Lib Dems pledge to scrap 'unfair' council tax

The Liberal Democrats have vowed to scrap the "unfair" council tax, on the 15th anniversary of the poll tax riots.

The party said that the council tax should be replaced with a local income tax, based on the ability to pay.

The Liberal Democrats announcement comes ahead of the revaluation date for future council tax bills for homes in England and Scotland. Council tax bills are due to be set for the next ten years, based on property prices as of April 1, 2005.

The Liberal Democrats say that scrapping the council tax would save an average family around £450 per year, compared with Labour and Conservative plans to re-band homes to take house price inflation into account. The party says that this has led to council tax bills rising by as much as 22% on top of annual increases in Wales.

Mike German, leader of the Liberal Democrats in the Welsh Assembly, said: "This increase bears no relation to income or ability to pay. The whole revaluation process is random and arbitrary, with some poorer areas seeing bills rise by hundreds of pounds, while some richer areas get tax cuts. That is why more and more people are coming to the conclusion that the council tax must be scrapped."

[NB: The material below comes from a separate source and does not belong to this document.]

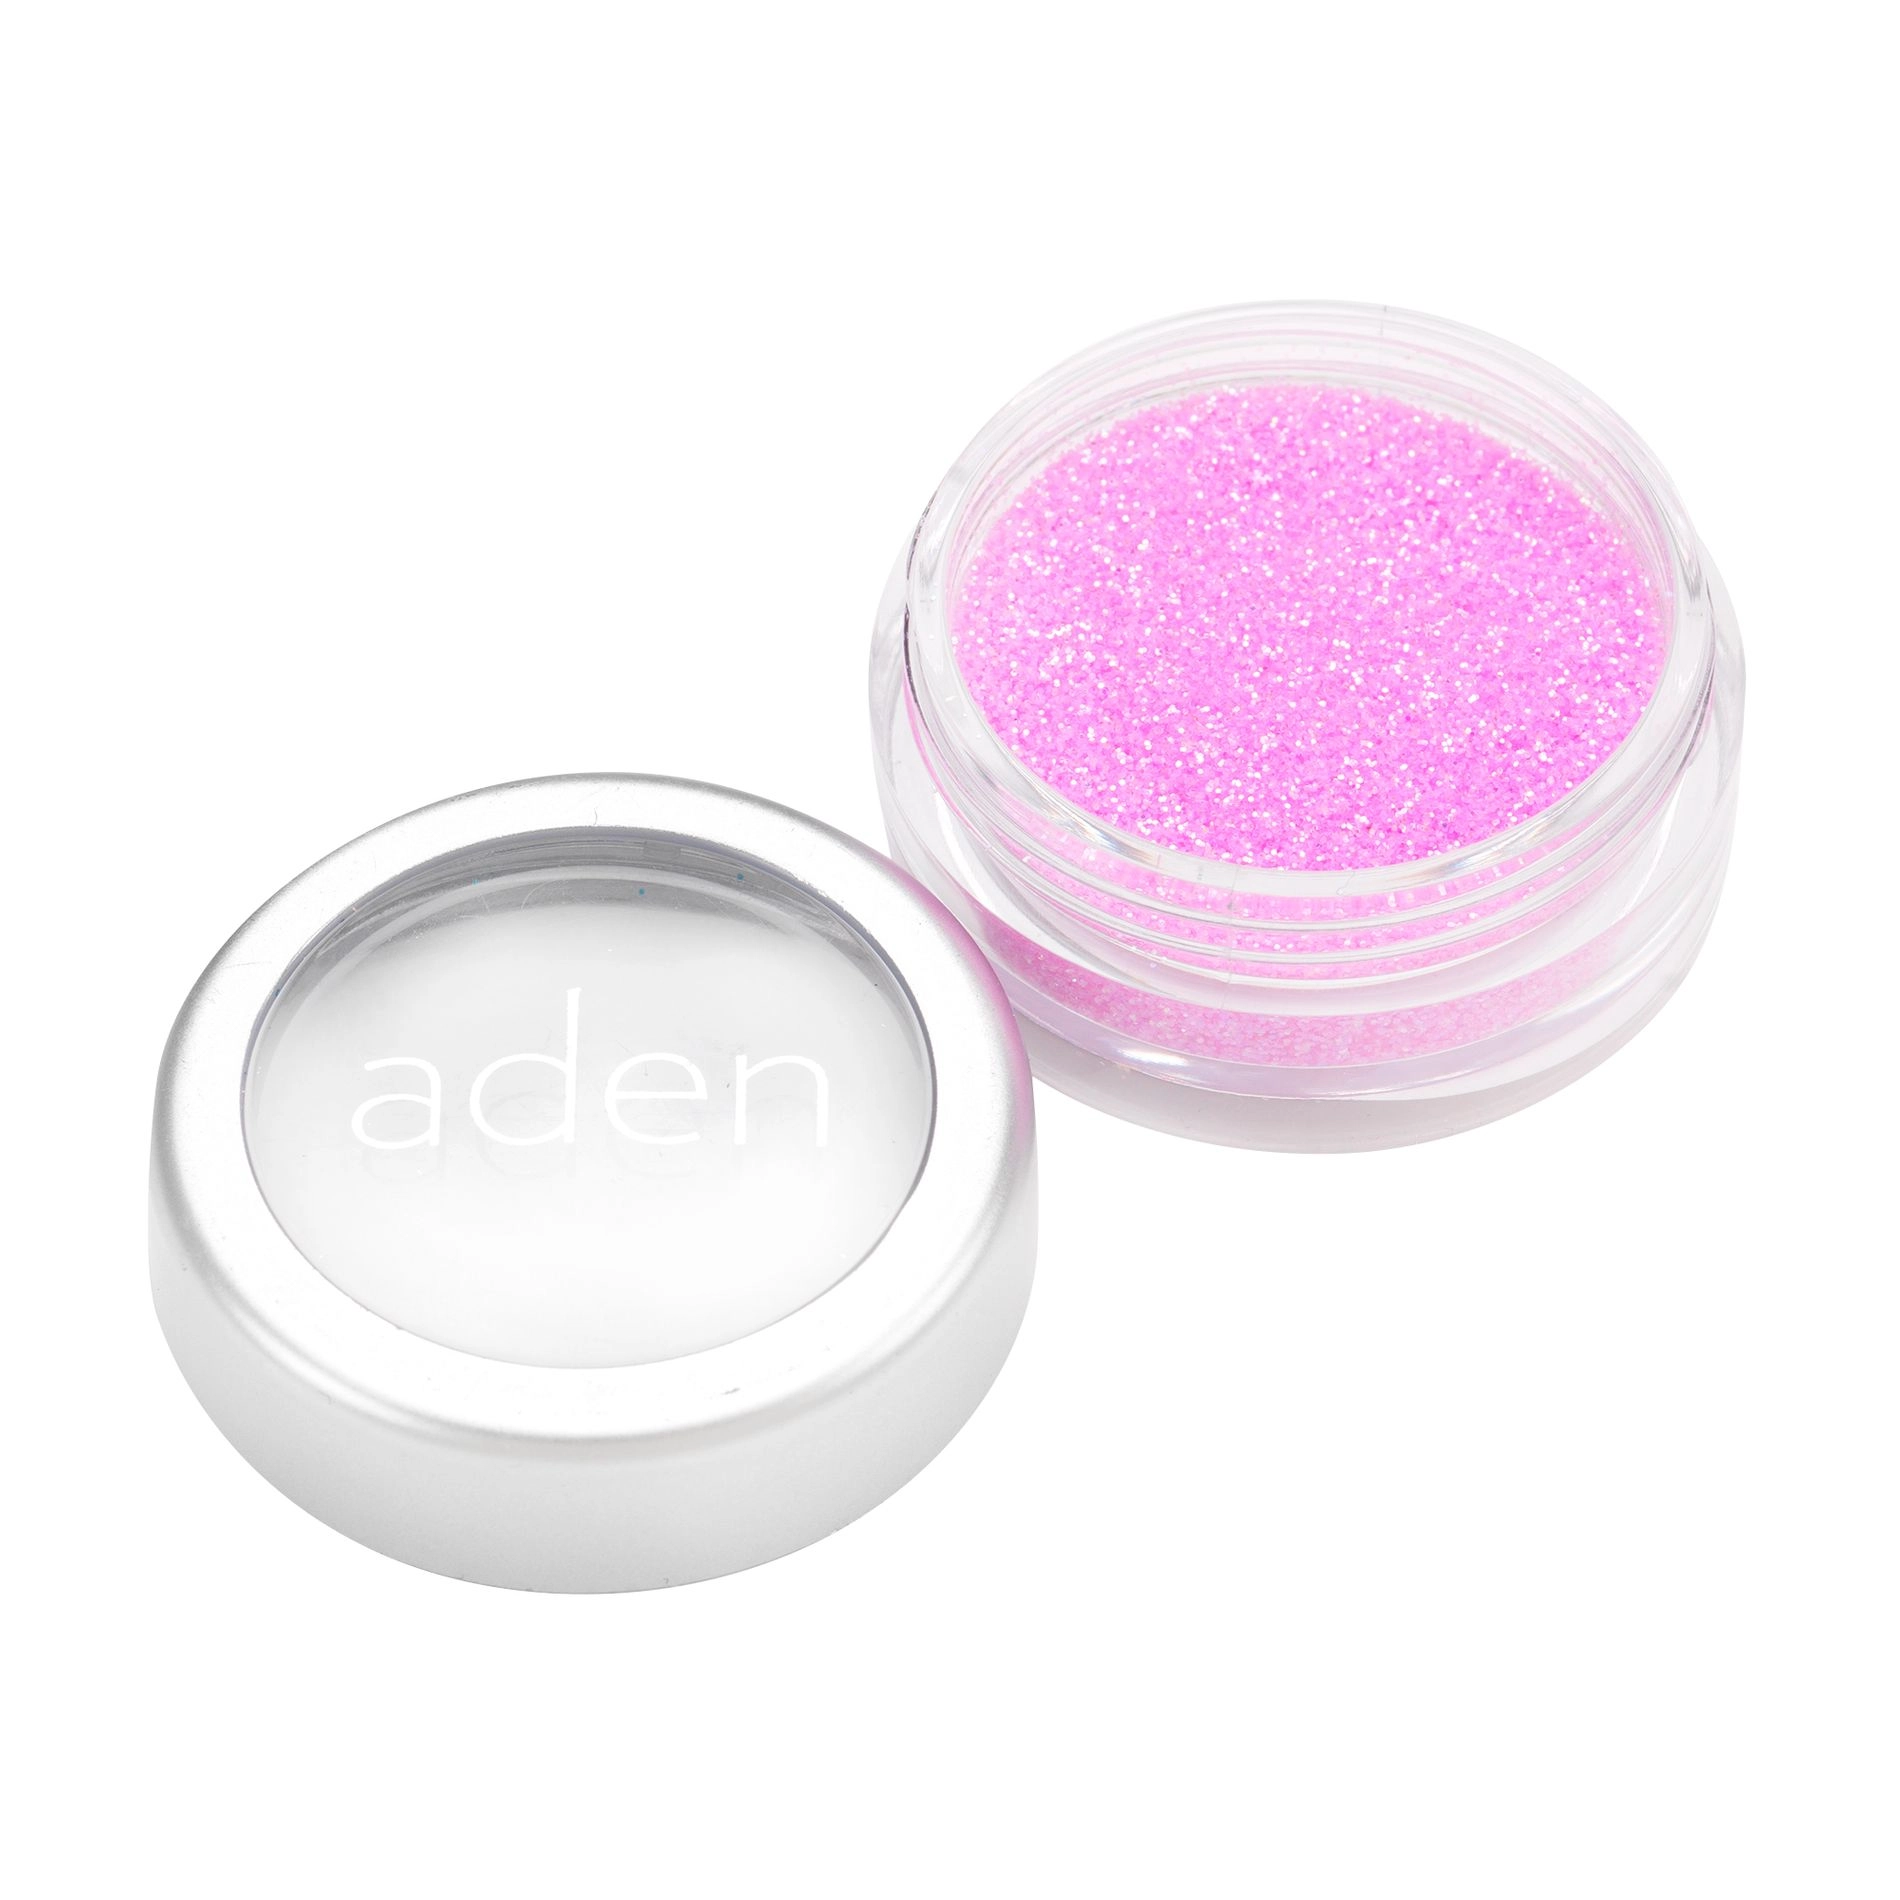 Aden Рассыпчатый глиттер для лица Glitter Powder 09 Orchid, 5 г - фото N1

Liberal Democrat local government spokesperson Edward Davey said: "Fifteen years ago, the unfairness of the Poll Tax led to rioting in the streets. Council tax has already brought out the protestors, but with 7 million families facing a 20% or more hike in their bills, the protests are going to get worse. Both the other parties try and deny it, but they simply have no solutions to the ticking time bomb of spiralling council tax bills. The biggest post-election tax rises will come from the Labour and Tory-backed plans for council tax re-banding."

Both Labour and the Conservatives have already announced plans to offer council tax rebates to pensioners in a bid to woo the grey vote.

Chancellor Gordon Brown announced plans to give pensioners a £200 council tax rebate in the recent Budget, while Conservative leader Michael Howard pledged to give all households where both adults are aged 65 or over, a rebate of up to half their bill, up to a maximum of £500, in February.

Commenting on the Liberal Democrats announcement, Labour Local Government minister, Nick Raynsford, said: "The Lib Dems' are not committed to 'axing the tax', they want to replace it with a Local Income Tax. Far from offering tax cuts, the Lib Dem plans for a Local Income Tax would hit hard working families hardest. For a couple on average earnings with a combined income of £41,000 this would mean an increase in income tax of £1,170. Compared to an average council tax per dwelling of £908 this would leave a couple on average earnings over £260 worse off under Liberal Democrat plans."